On Tuesday, I replaced the romanian1 and romanian2 stemmers in
Xapian-core with Martin's new romanian stemmer. At the time, I also
updated the stemming test data (by re-generating the output file using
snowball's "stemwords" utility), and I clearly remember re-running
the
testsuite at the time and checking that all tests passed.
Now, when I run make check, stemtest fails with the romanian stemmer on
the word "acela?I". This should stem to "acel" according to
the output
file generated by the stemwords utility from snowball, but xapian stems
it to "acela?i". The only change I can see to the stemming algorithms
since then is a change to the snowball code generator made on wednesday
morning by Olly, but reverting this change doesn't seem to fix the
problem. So - does anyone else see this error, or is it just something
on my local machine which has changed (possibly a character set thing,
or something like that)?
For reference, the output from stemtest is as follows:
$ ./tests/runtest tests/stemtest stemdict -l romanian -v
Running test 'tests/stemtest stemdict -l romanian -v' under valgrind
The random seed is 42
Please report the seed when reporting a test failure.

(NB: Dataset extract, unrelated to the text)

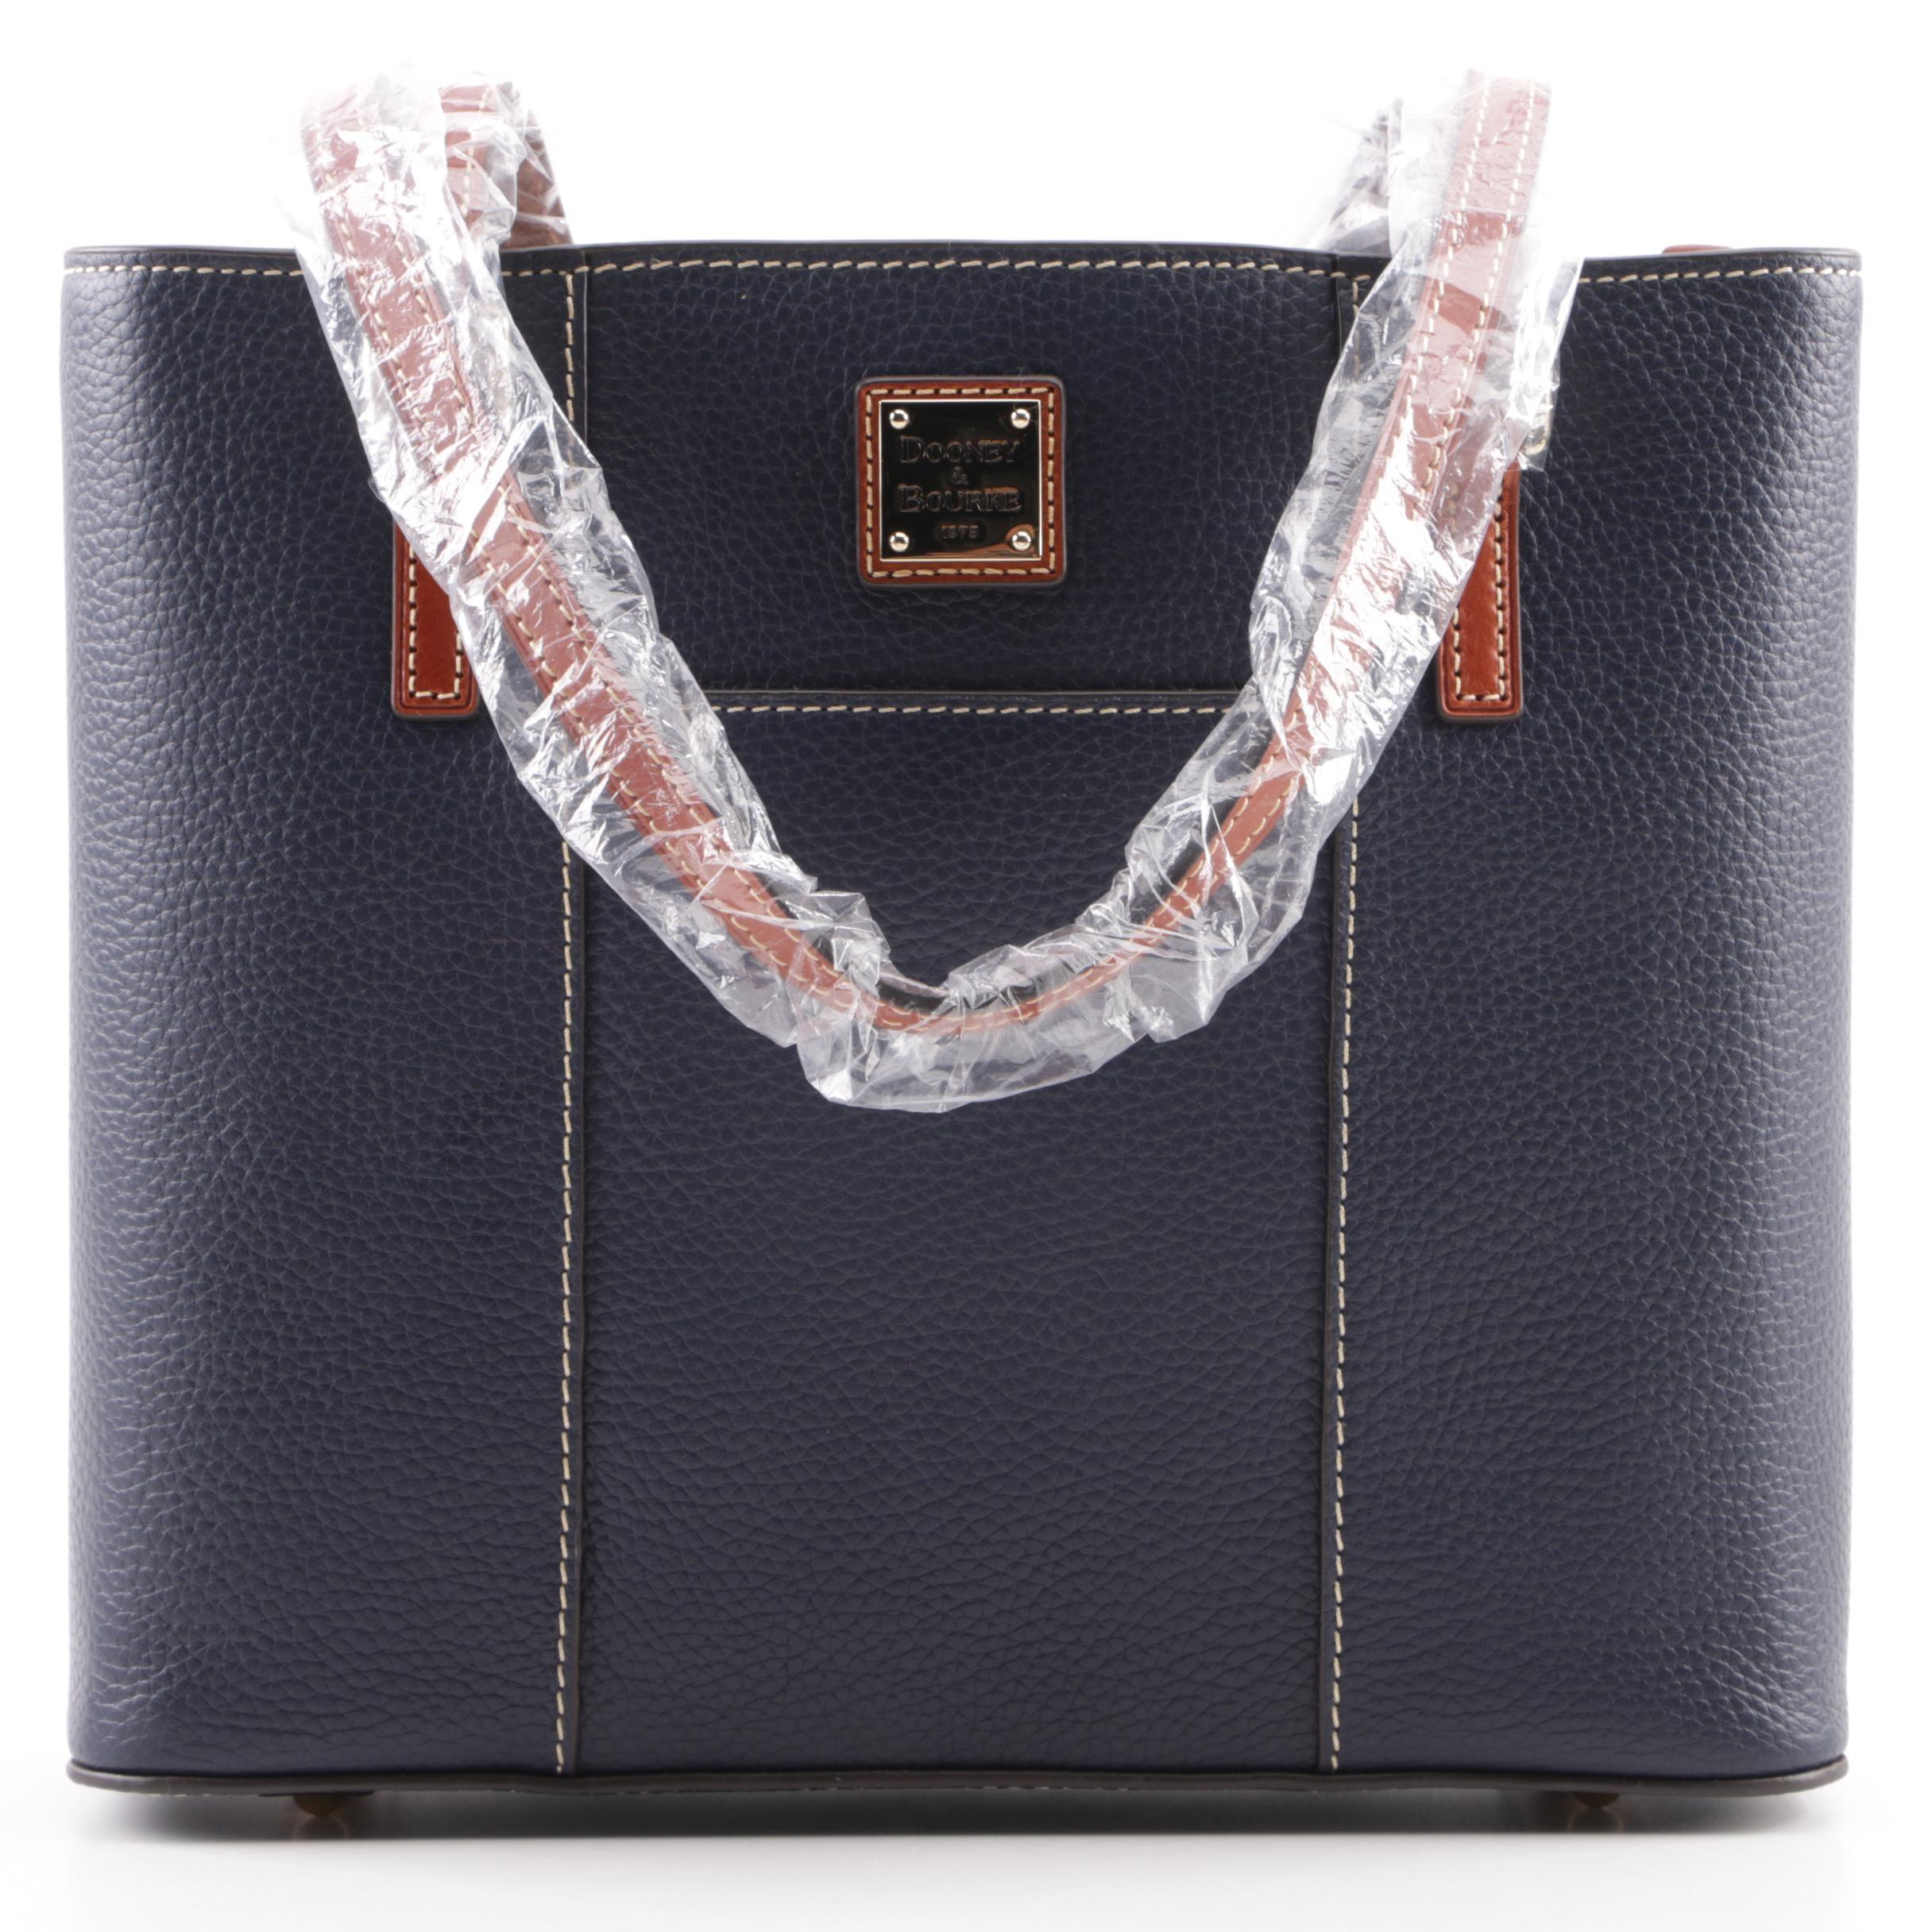 Dooney & Bourke Small Lexington Midnight Blue Pebbled Leather Shopper Tote

Running tests with romanian stemmer...
Running test: stemdict...
Testing romanian with fixed dictionary...
/home/richard/private/Working/xapian/xapian-core/tests/stemtest.cc:146:
((stem) == (expect))
Expected `stem' and `expect' to be equal: were acela?i and acel
FAILED
/home/richard/private/Working/xapian/build/xapian-core/tests/.libs/lt-stemtest
completed test run: 0 tests passed, 1 failed.
--
Richard